The problem -
Emit a verbatim copy of the lines below from the line with "Rossignol Sweatshirt Sweatshirt" through the line with "Black-Gold 5 Designs", excluding pictures and everything outside that range.

Provided records -
..........

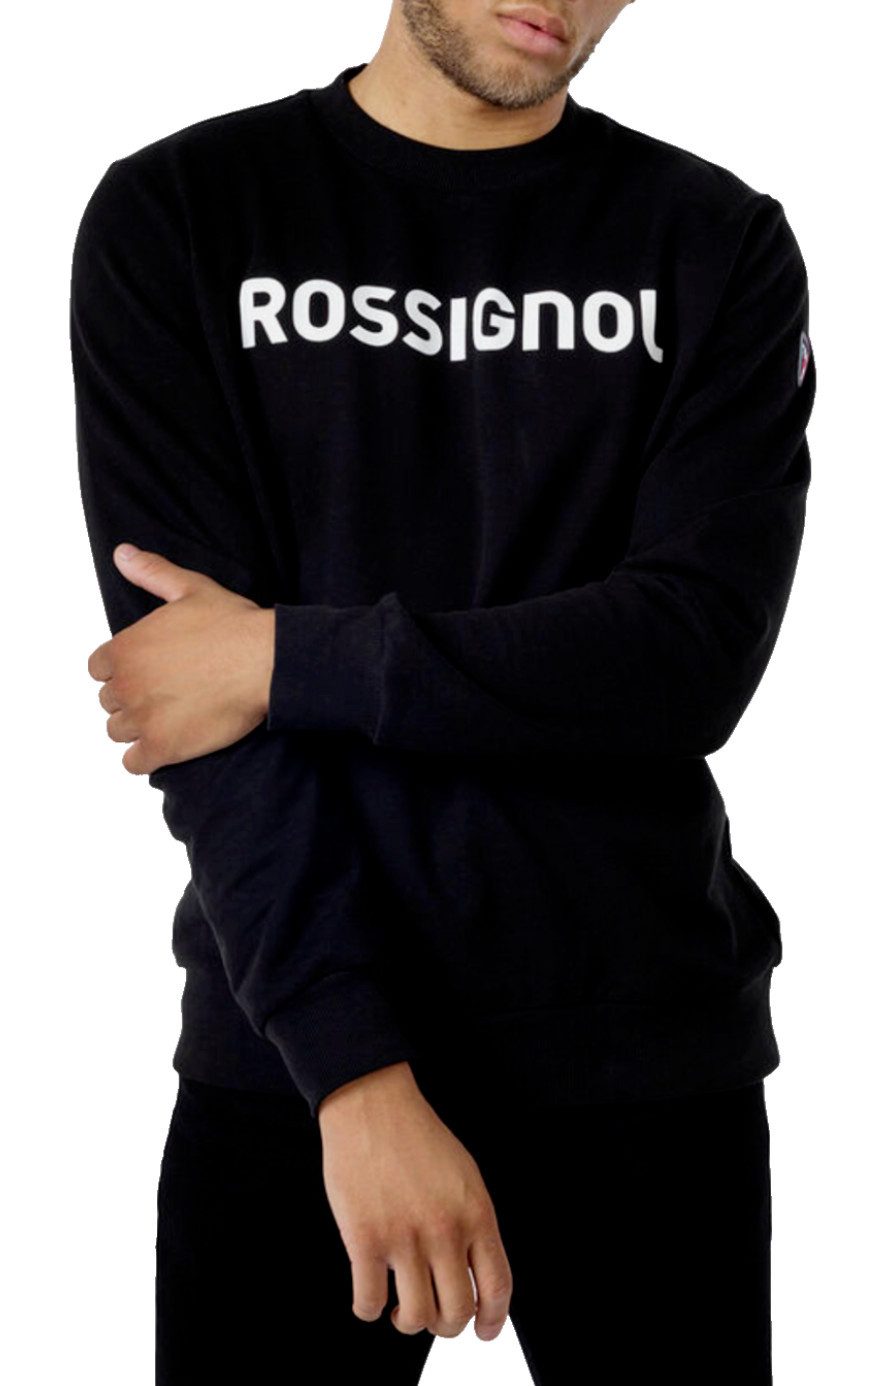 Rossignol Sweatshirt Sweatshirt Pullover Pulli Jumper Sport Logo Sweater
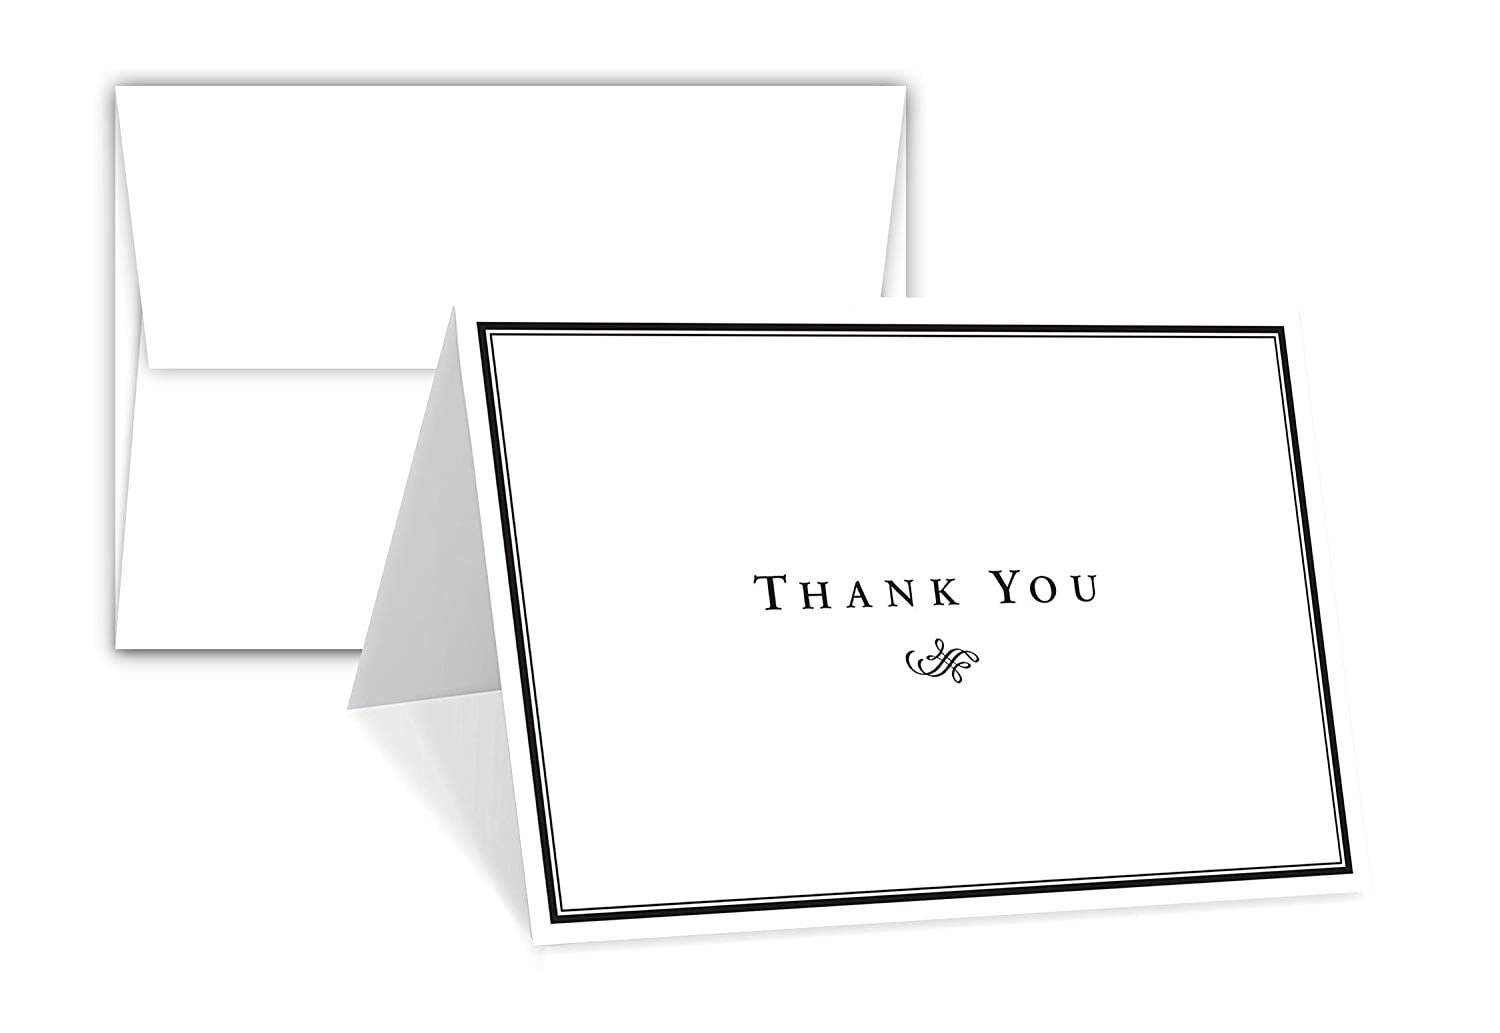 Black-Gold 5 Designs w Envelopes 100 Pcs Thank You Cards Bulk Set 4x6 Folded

..........

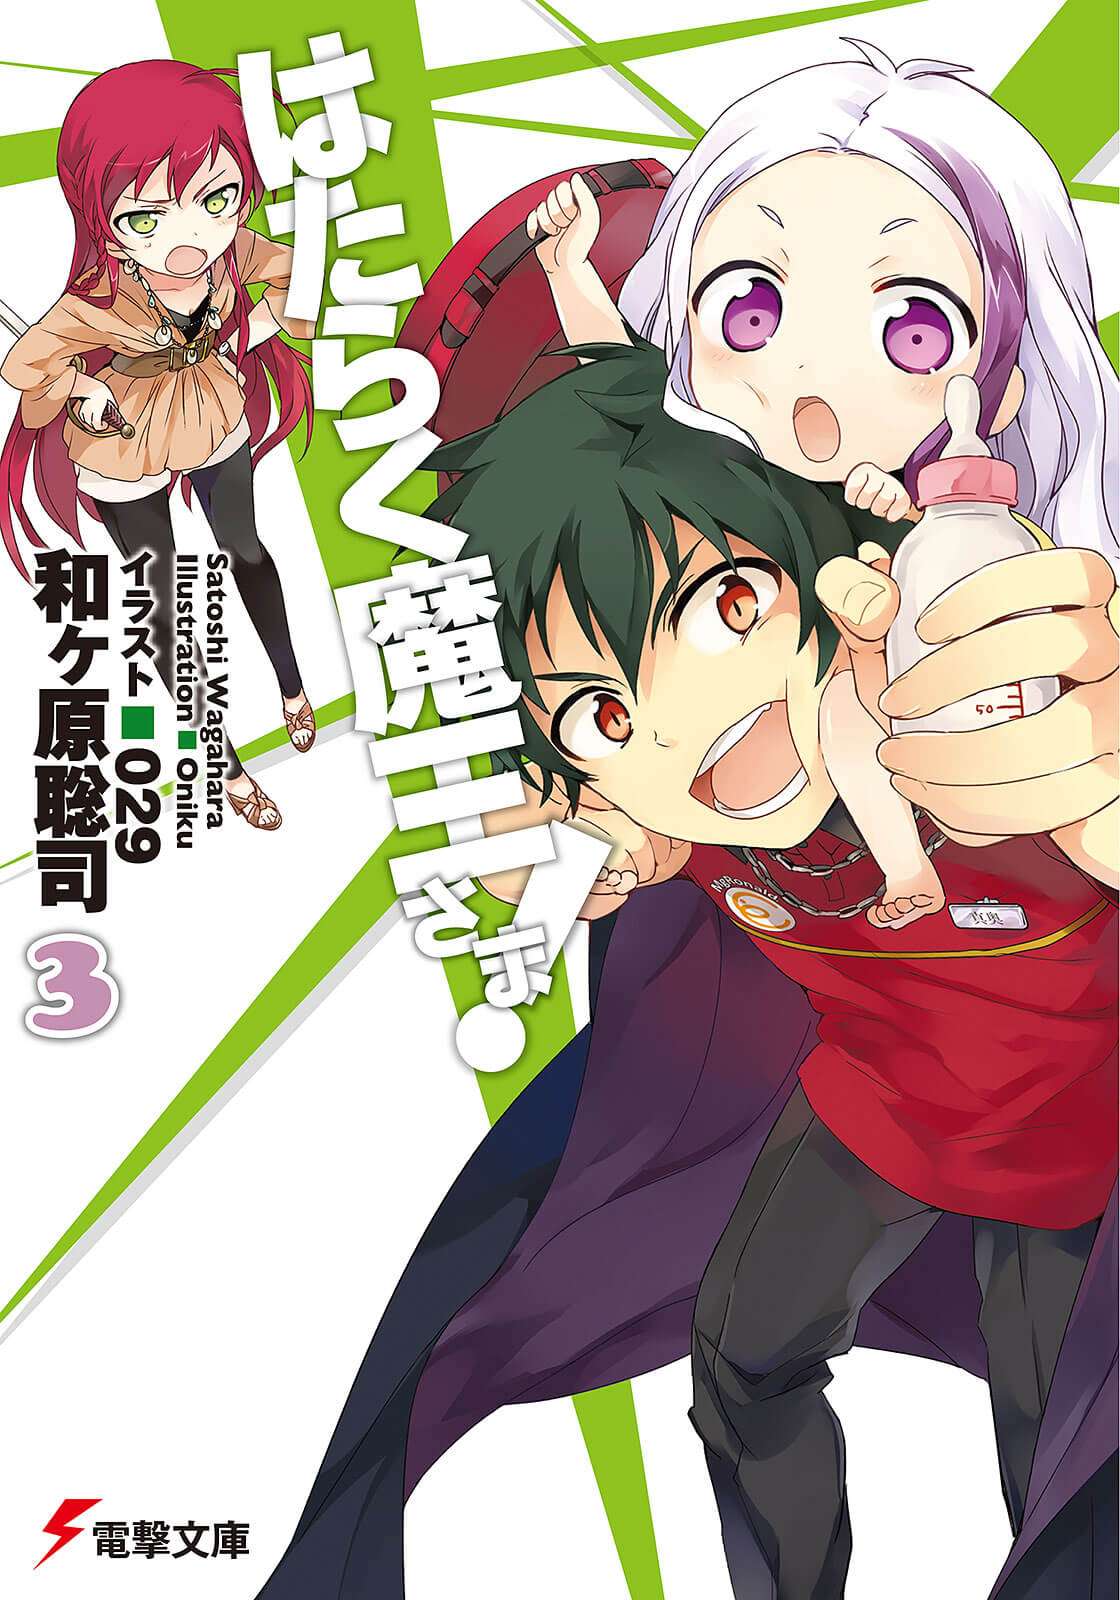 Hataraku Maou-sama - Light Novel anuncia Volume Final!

..........

Your solution -
 Rossignol Sweatshirt Sweatshirt Pullover Pulli Jumper Sport Logo Sweater
 Black-Gold 5 Designs w Envelopes 100 Pcs Thank You Cards Bulk Set 4x6 Folded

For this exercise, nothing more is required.